The age of the whistle-blower
Companies around the world have auditors, stock exchanges, boards, regulators, revenue and sundry enforcement authorities to monitor various aspects of their functioning. None of these have done much to prevent fraud — remember Barings, Enron-Arthur Andersen, WorldCom, Kmart, to name some signature global cases from the late nineties and early noughties? The past two decades has seen the emergence of a new type of scrutineer: The whistle-blower, a species India Inc has discovered lately. Can they change the dynamics of corporate governance?
Certainly, the power of the whistle-blower has been acknowledged in the governance structures of the more enlightened corporations. Most of the larger Indian IT firms and banks (including ICICI Bank!) have incorporated whistle-blower policies in their codes of conduct for employees, framing it as a responsibility and enjoining them to report workplace irregularities to designated authorities. This mode of incorporation is, no doubt, intended to keep potential scandals within the ambit of the organisation.
Unlike the array of agencies that monitor corporate performance within expected paradigms, the whistleblower is an unpredictable entity. She can emerge from within as a conscientious employee who has signed on to the code of conduct or from outside the organisation as a stakeholder, a supplier, say, or an investor. Cue the current ructions at ICICI Bank, involving its CEO Chanda Kochhar and allegations of conflict of interest over her husband’s business deals. They came in the public domain after a whistle-blower highlighted them as far back as 2016 and wrote to everyone from the Prime Minister’s Office downward.
Arvind Gupta, the whistle blower, was not a disgruntled employee but a long-time investor in the Videocon Group who said he was puzzled by an odd series of transactions and transfers between Deepak Kochhar’s companies and Venugopal Dhoot of Videocon. Far from accessing insider info, he studied documents in the public domain to make his case – which no one took much notice of until recently. Why did he take it upon himself to do this? The motive is unclear. But the controversy overwhelming India’s largest private sector bank has highlighted governance weaknesses that it will be forced to address sooner rather than later (the board’s current stance of injured innocence hasn’t been convincing).
Internal whistle-blowers don’t necessarily contain the reputational damage either. Recall the case of Dinesh Thakur, who revealed how his former employer Ranbaxy basically fudged — often in the crudest possible way — drug safety tests. Mr Thakur’s revelations — which came soon after Ranbaxy’s Delhi-based promoters had sold the company to Japan’s Daiichi Sankyo in the largest Indian pharma deal at the time — invited wrath and accelerated inspections from the US Federal Drug Administration not just on Ranbaxy but on the entire Indian pharma industry.
Mr Thakur’s conscientiousness paid off — literally, he won $48 million as part of the award from the US which fined Ranbaxy $500 million. It is worth pointing out that the Indian drug regulator has been less appreciative of his revelations about similar shenanigans in the domestic market. The scandal did India’s business reputation no favours: A disgruntled Daiichi later sold Ranbaxy to Sun Pharma.

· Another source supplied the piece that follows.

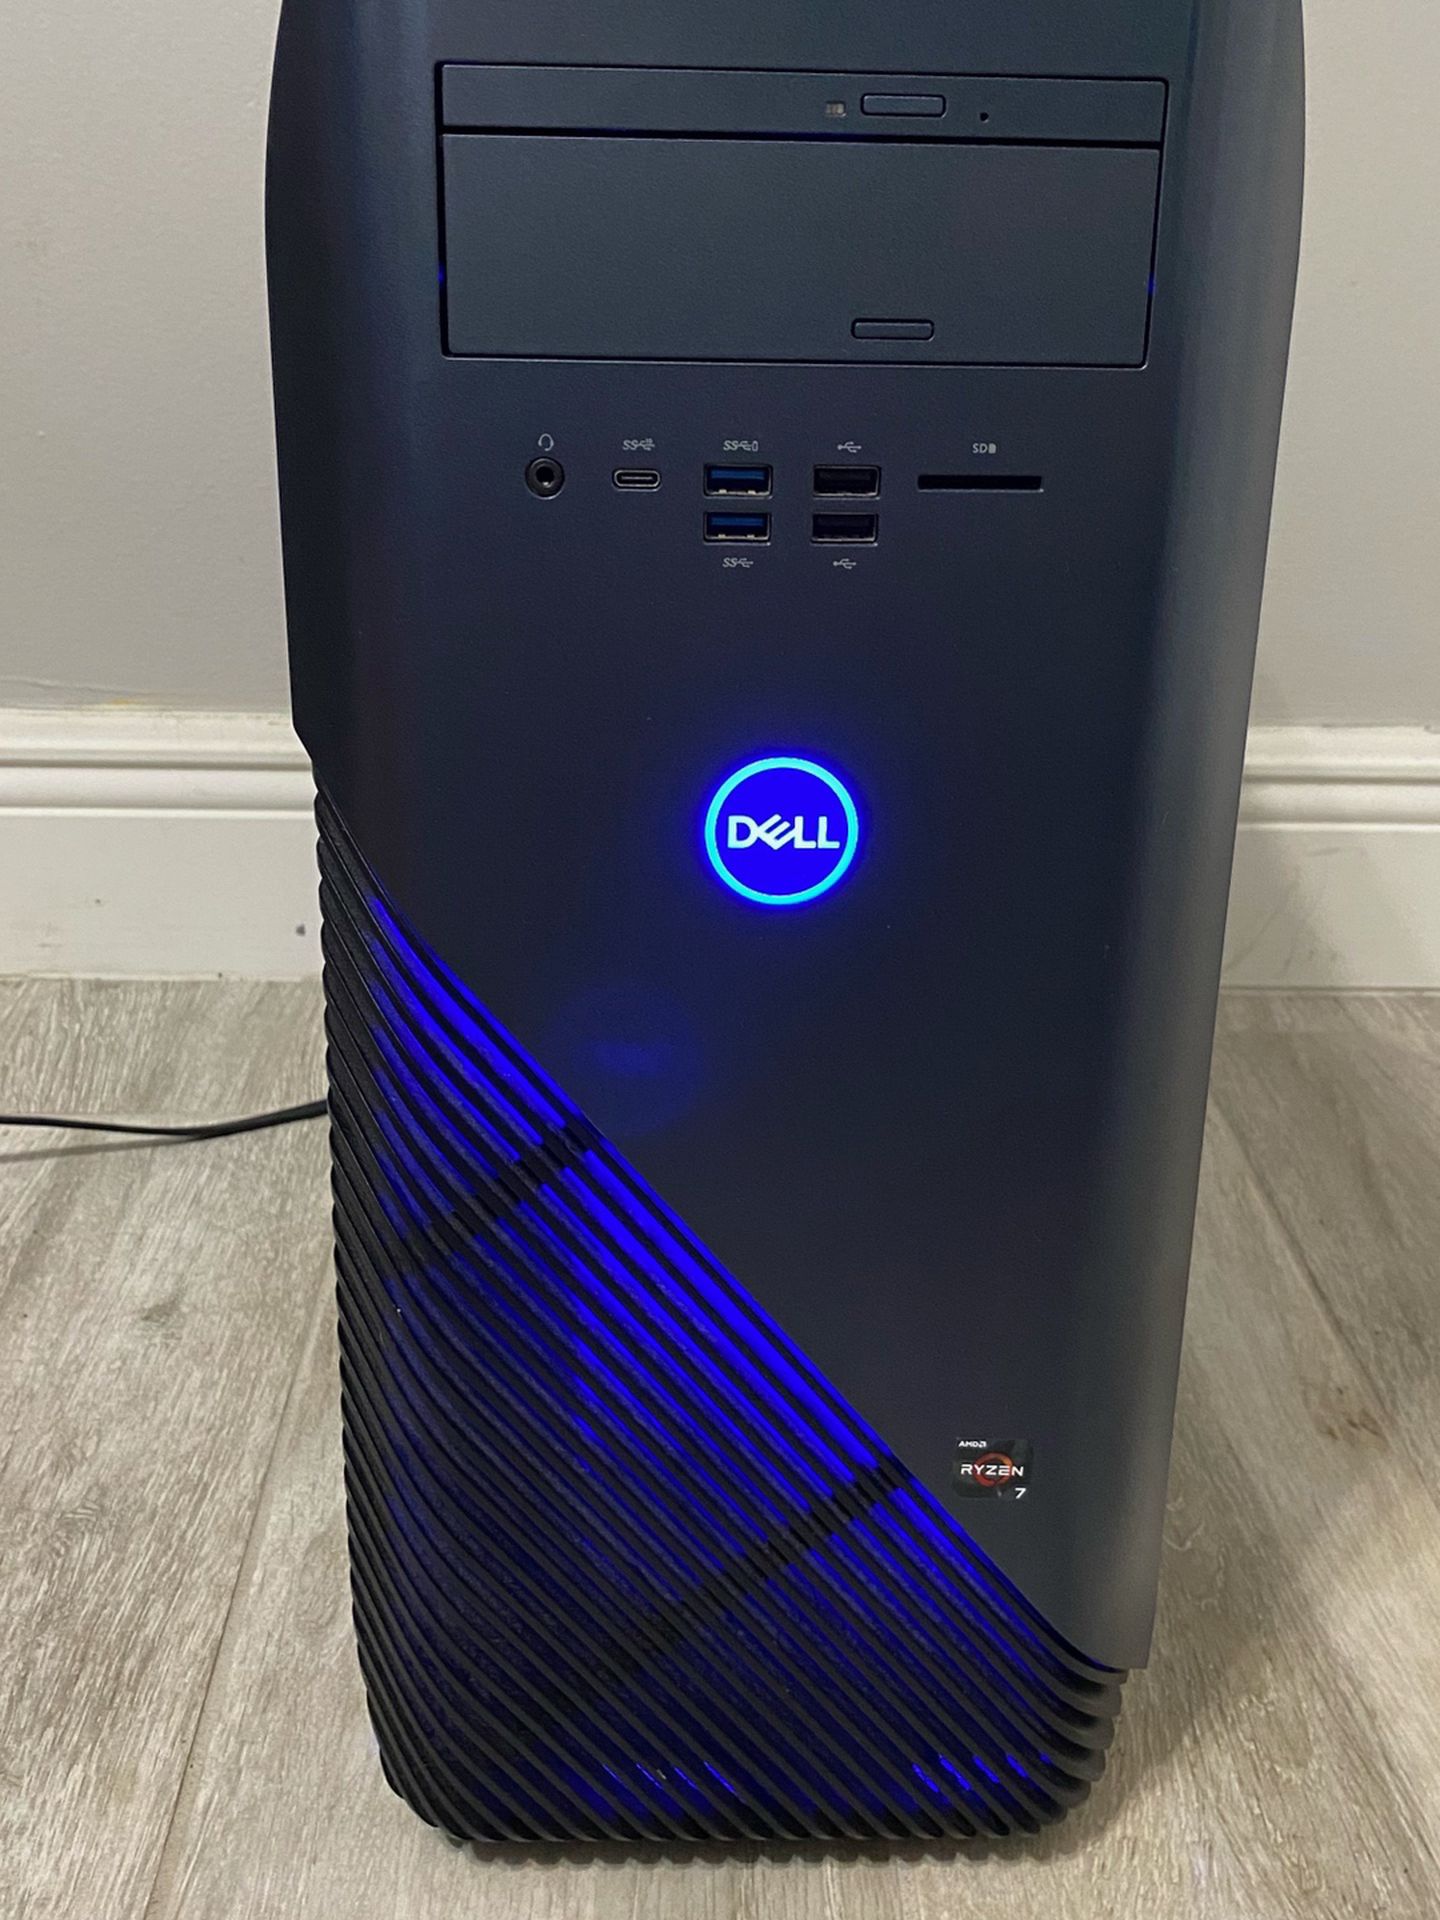 Dell Inspiron 5675 Gaming Desktop

Perhaps no Indian company has borne the impact of the age of the whistle-blower as Infosys, which, incidentally, has had a policy in place since 2003. In 2013, a US employee revealed a visa fraud, which spurred a federal investigation and later a settlement (from which he was rewarded). Since 2016, Infosys has been struggling with another controversy involving the purchase of an Israeli company by the then CEO Vishal Sikka. The decision to sell the company under a new CEO appears not to have assuaged Mr Anonymous, who does not appear to be motivated by money. He has recently demanded a probe into the deal by the stock exchange regulator.

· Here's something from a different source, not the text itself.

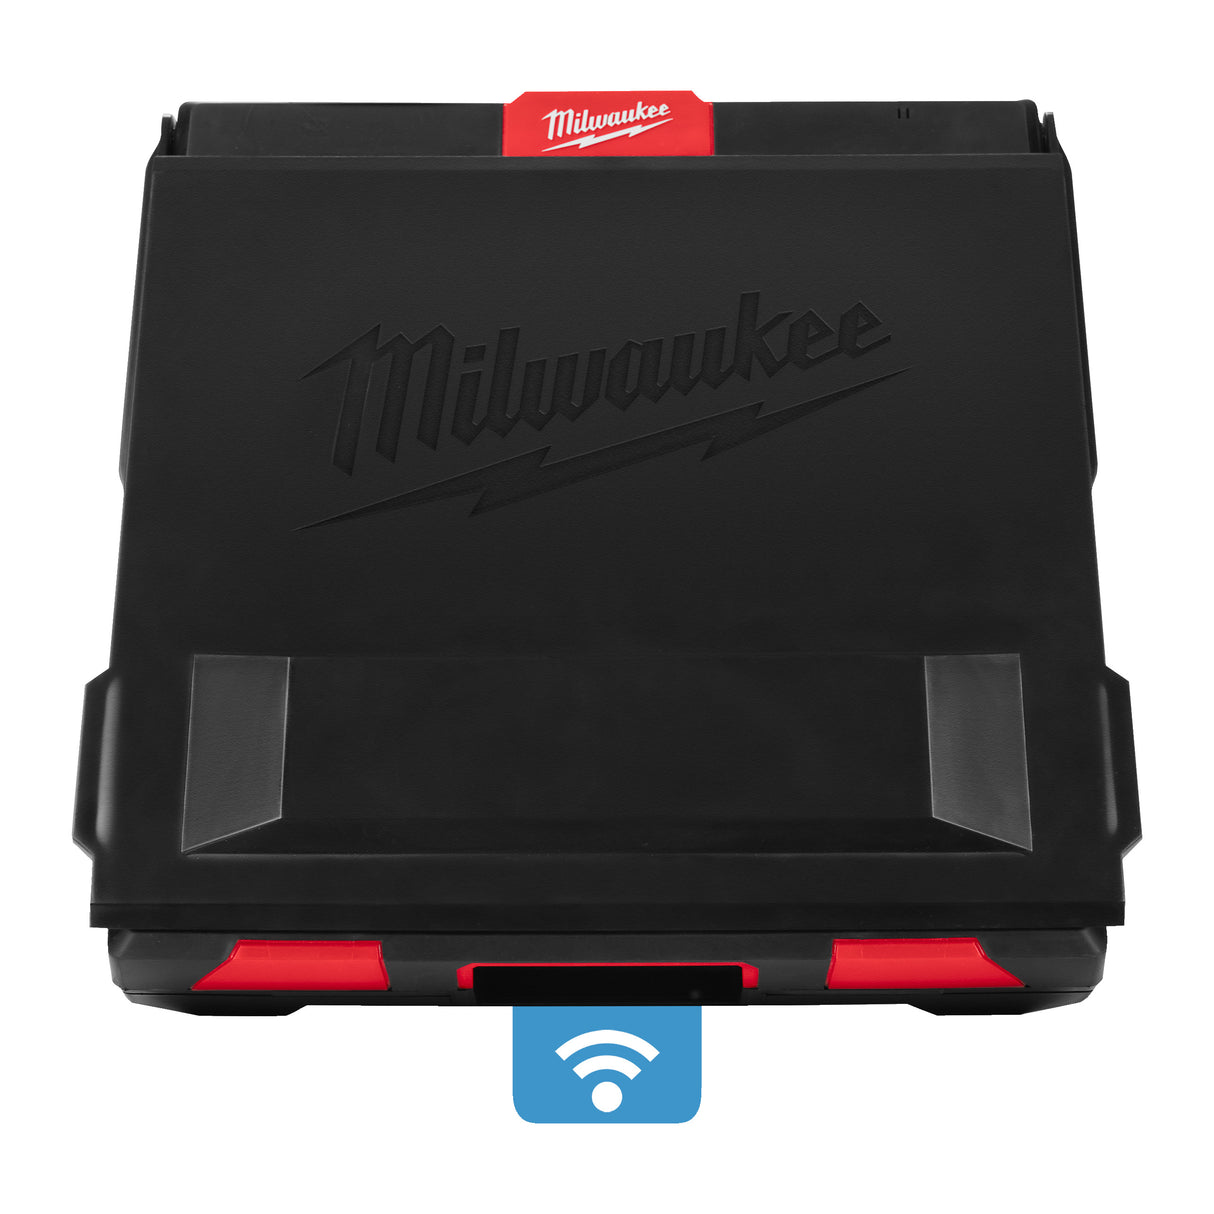 Milwaukee Akku-Monitor M18SIM-0 4933471414 roteswerkzeug

These three signature cases should not raise hopes, however, for more accountable corporate governance in India. Note that all three involve widely-held, professionally-run companies with global investors and customers. But Indian business remains overwhelmingly family-managed, a structure that scarcely encourages employees to speak truth to power, as we witnessed in the case of the Tata group.
It may be too much to expect voluntary transparency from India Inc when government-owned companies remain closed to public scrutiny. The earliest of Indian whistle-blowers, a mid-level employee in State Bank of India who revealed Harshad Mehta’s financial gymnastics in the early nineties, didn’t earn much gratitude from anyone. Later whistle-blowers paid for their conscientiousness with their lives (the tragic case of Shanmugam Manjunath of Indian Oil Corporation is a cautionary tale). A whistle-blower protection Act has been passed by Parliament but is yet to be operationalised. Its steady dilution also suggests anyone who decides to be a conscientious objector about government institutions and projects are unlikely to enjoy any rewards. If the record of public whistle-blowers is anything to go by, they need to fear for their lives.